Work instruction:
Leave out every picture, and restate word for word only the lines from the one containing "Miod Buckwheat Honey" through the end of the material.

Data provided:
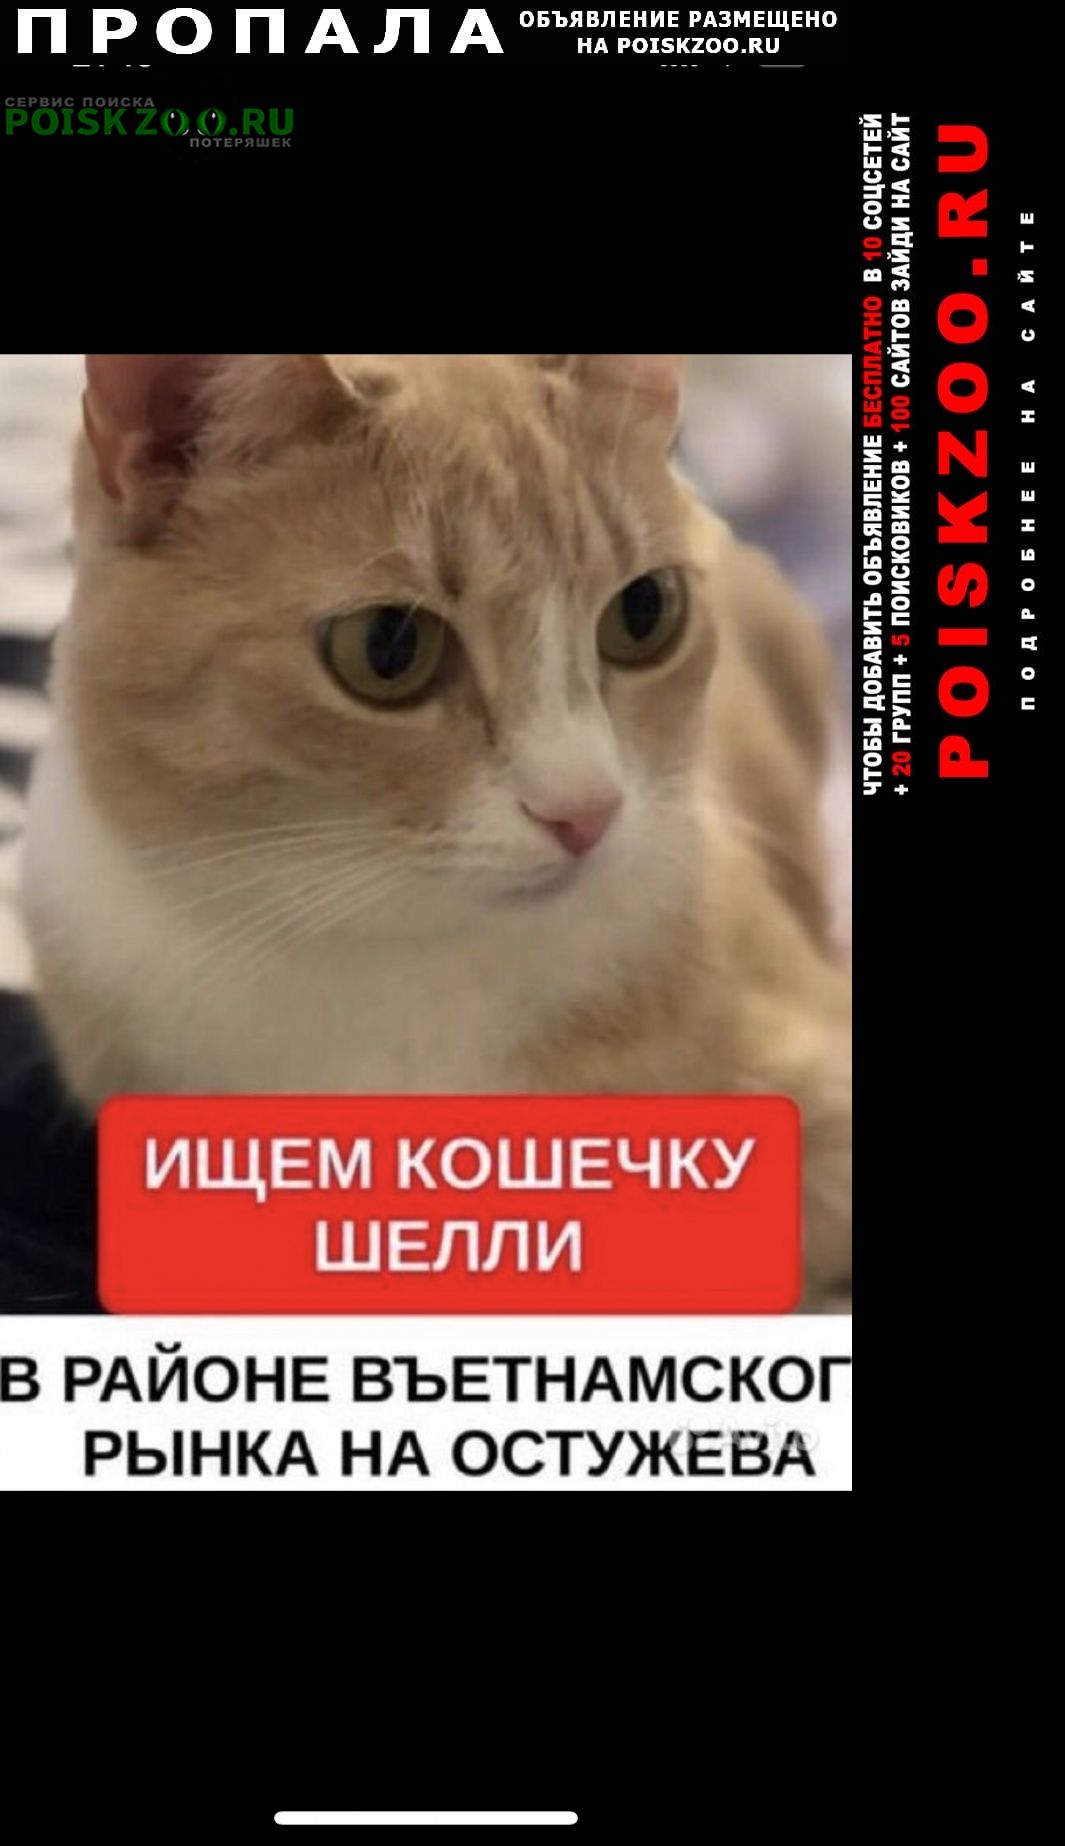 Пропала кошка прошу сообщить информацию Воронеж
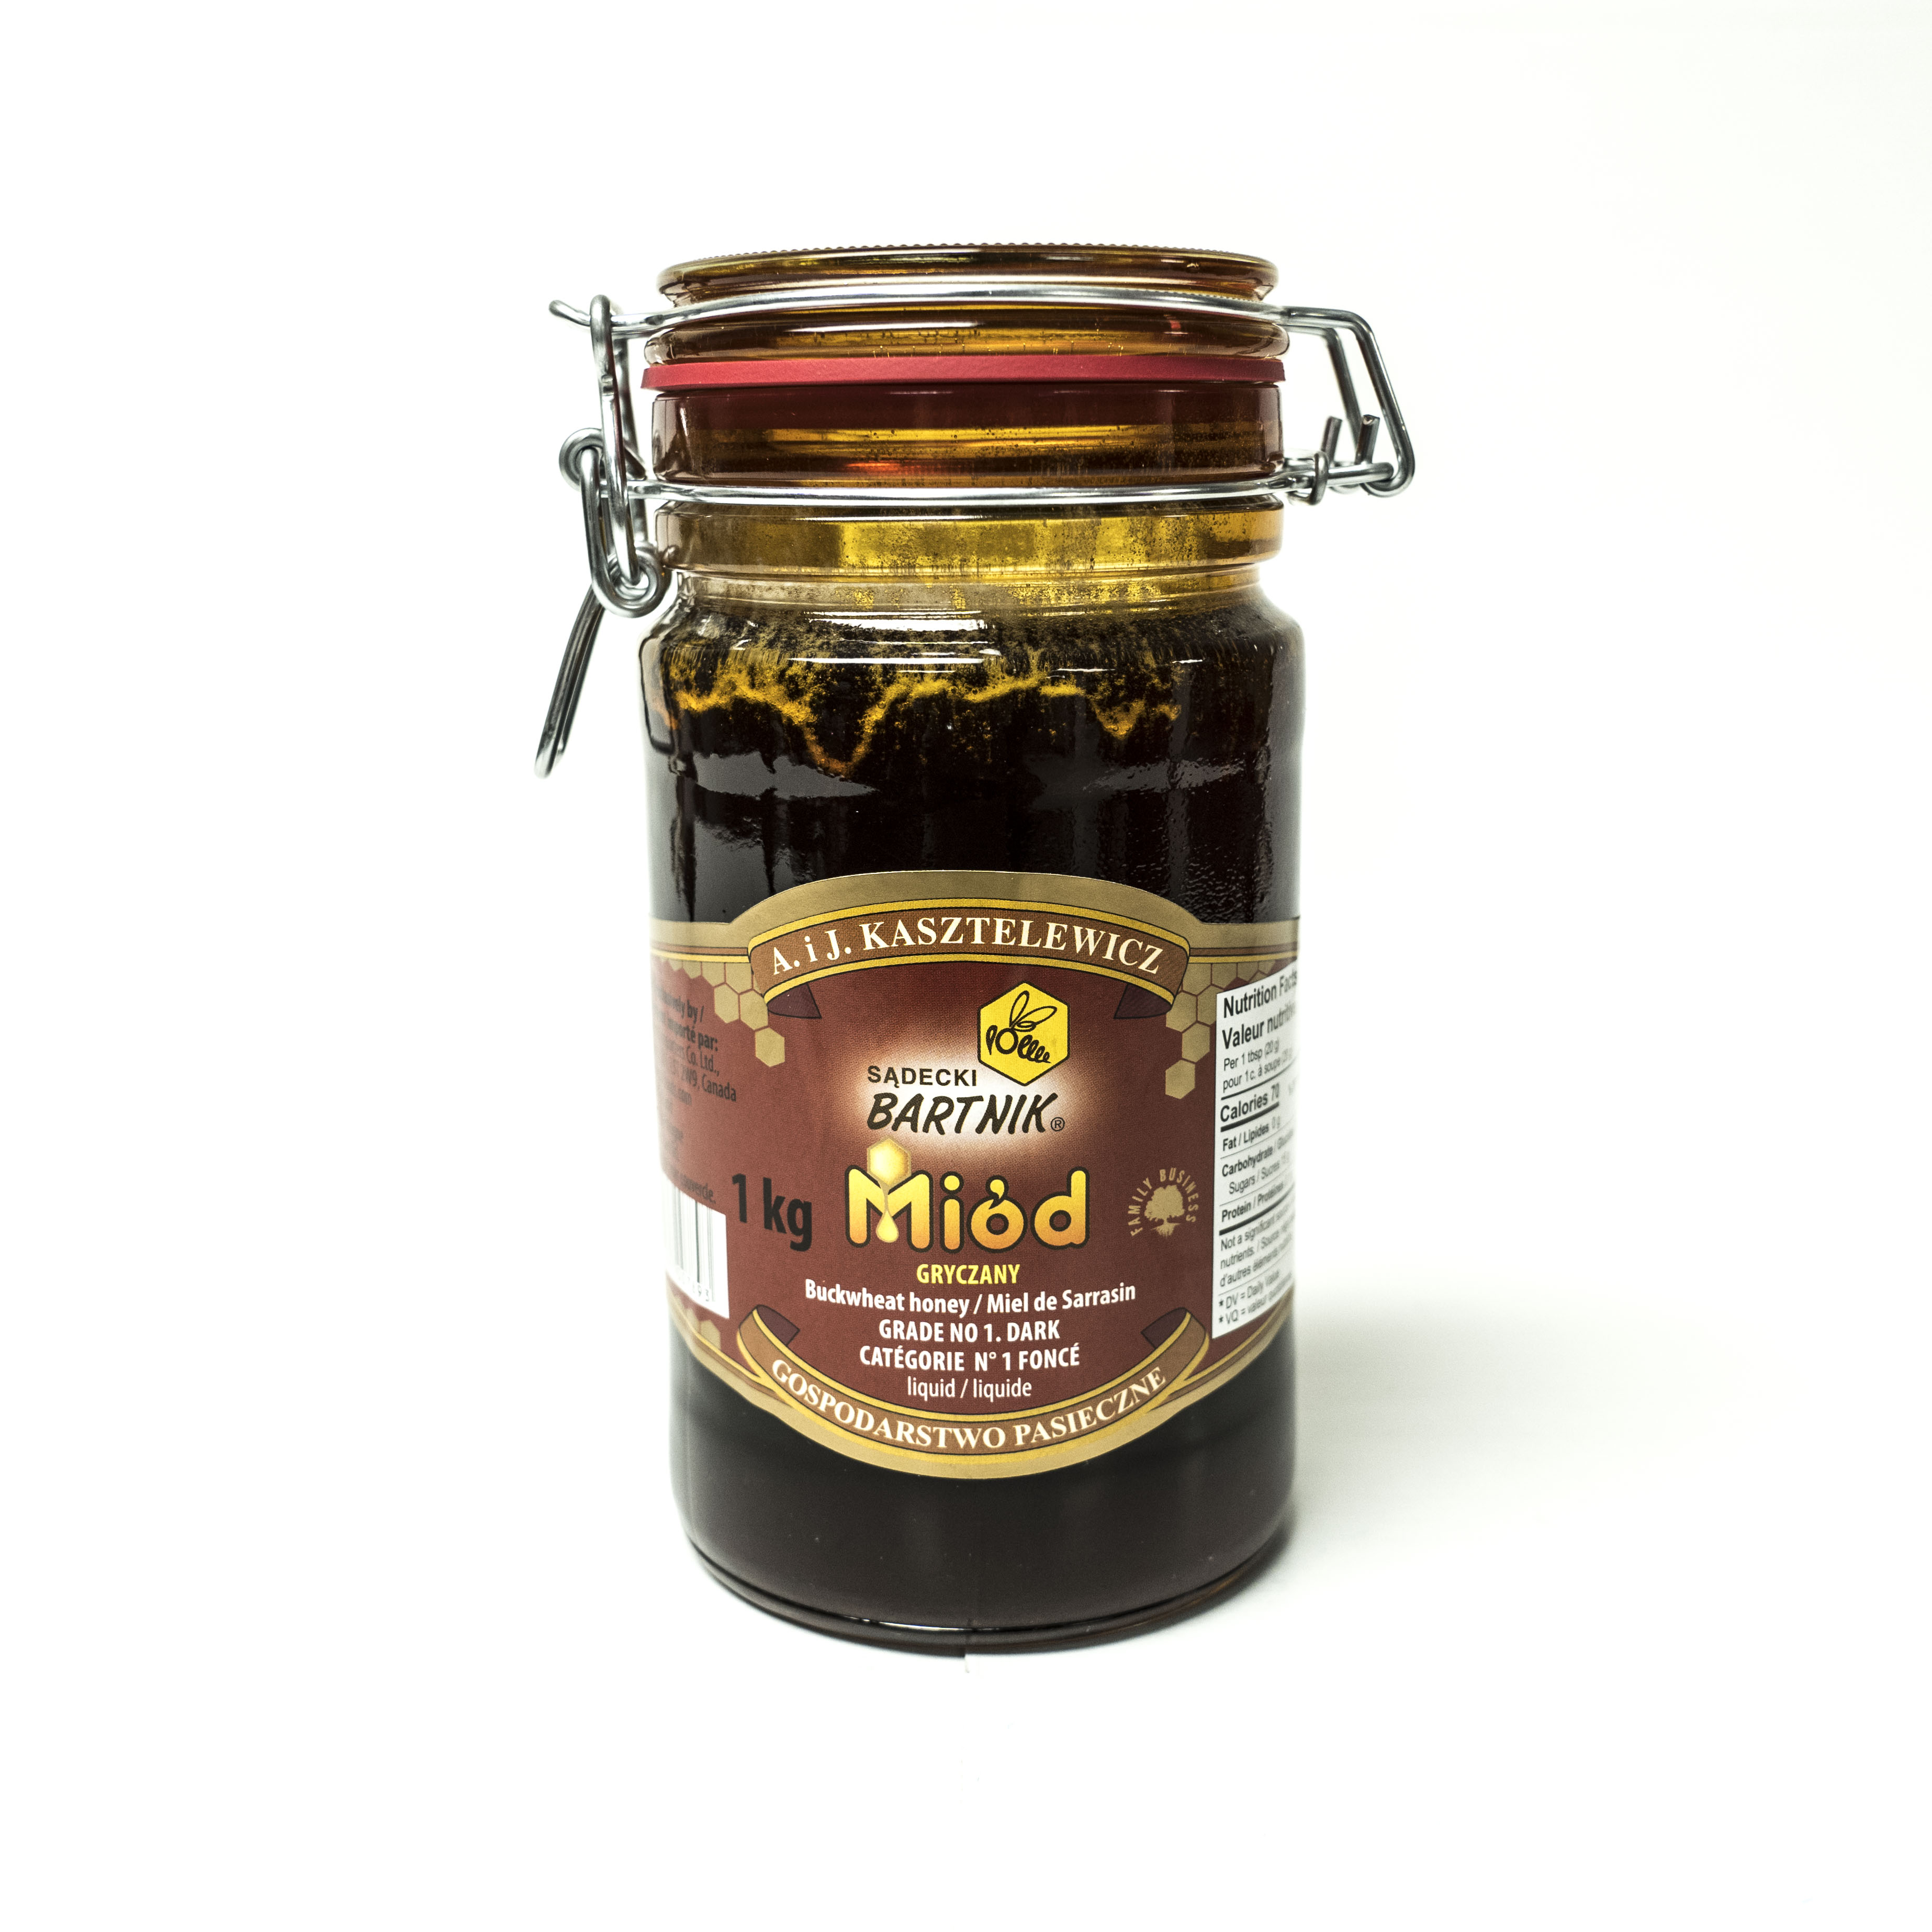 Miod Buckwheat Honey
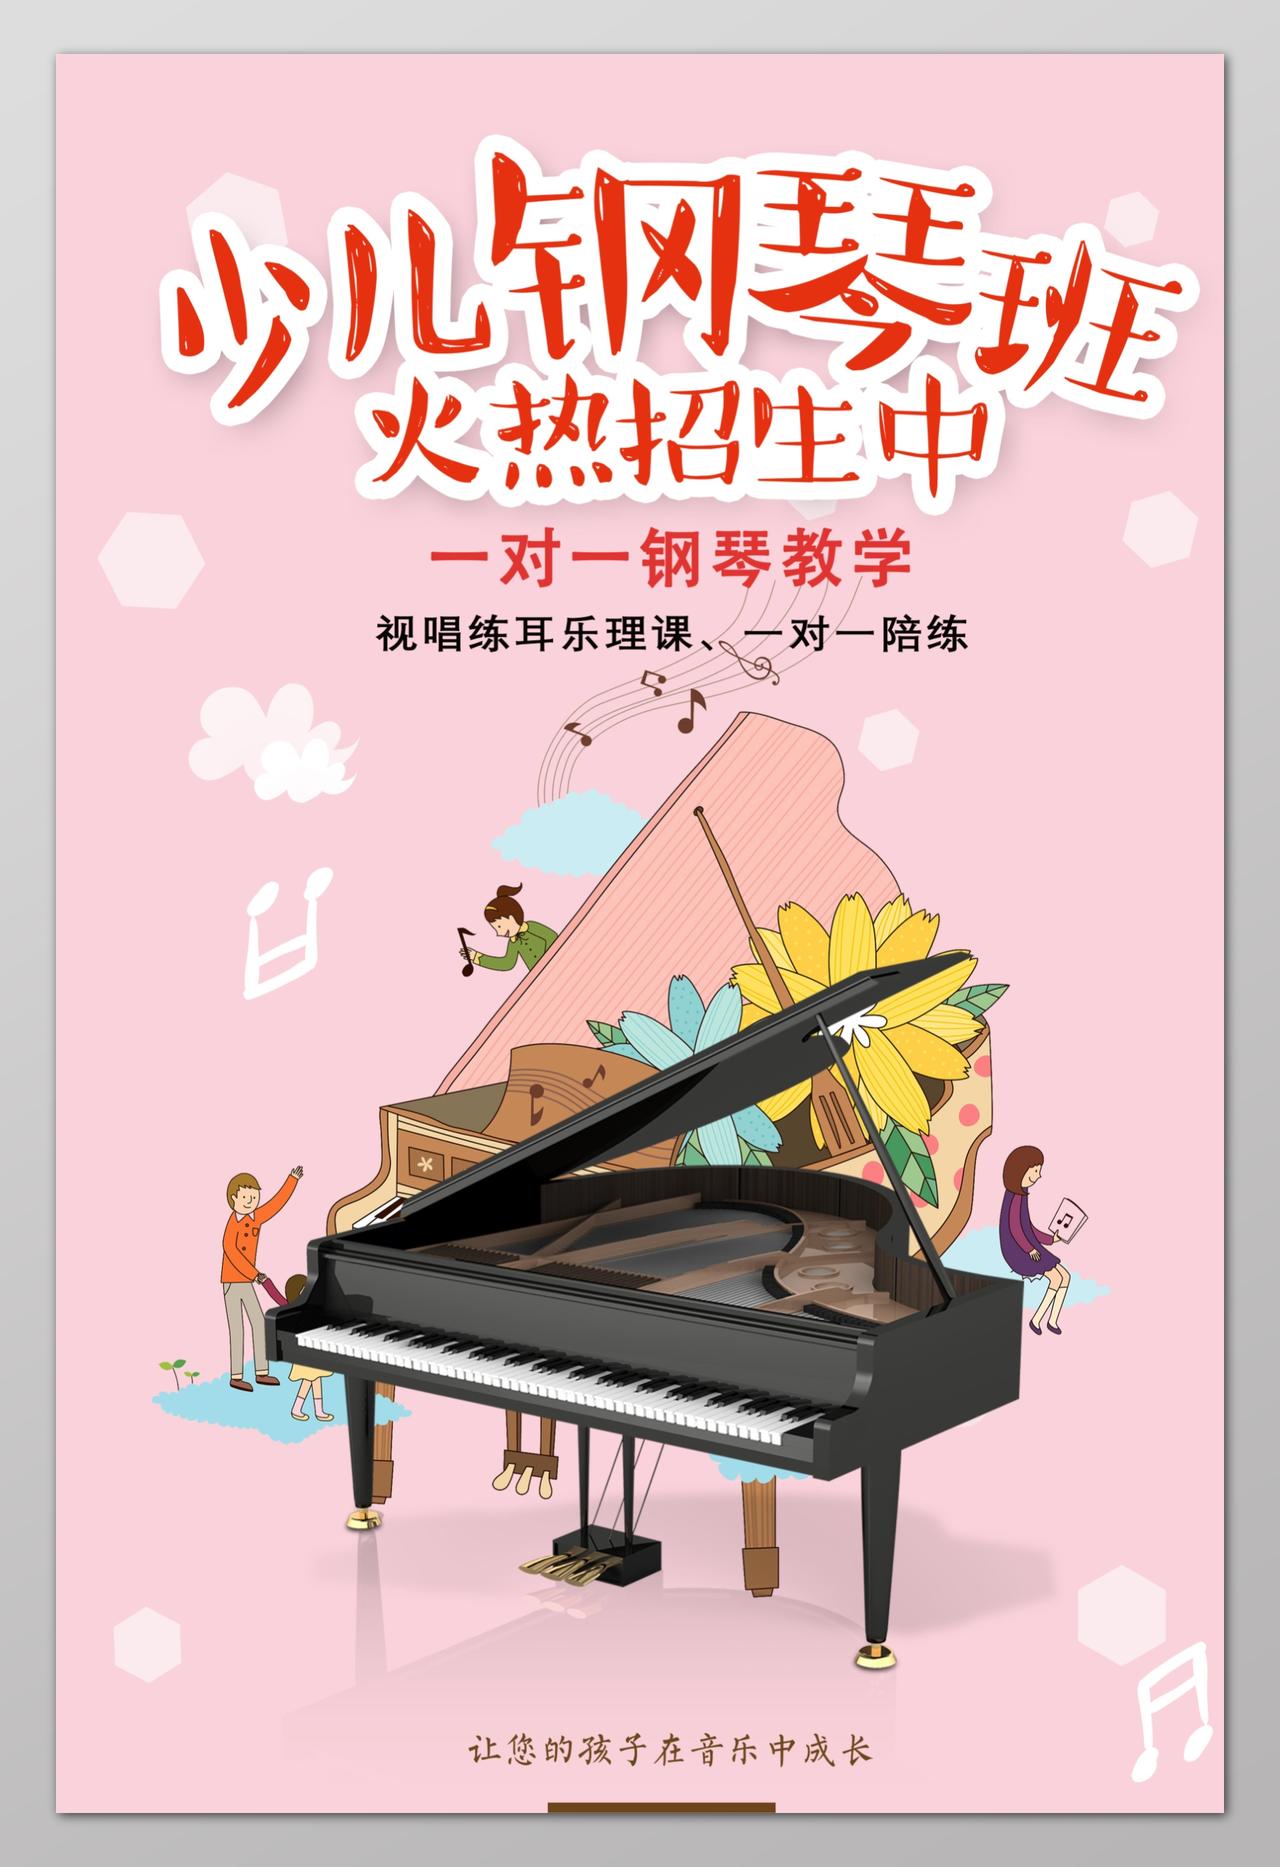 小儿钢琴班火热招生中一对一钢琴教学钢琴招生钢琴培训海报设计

Problem solution:
 Miod Buckwheat Honey
 小儿钢琴班火热招生中一对一钢琴教学钢琴招生钢琴培训海报设计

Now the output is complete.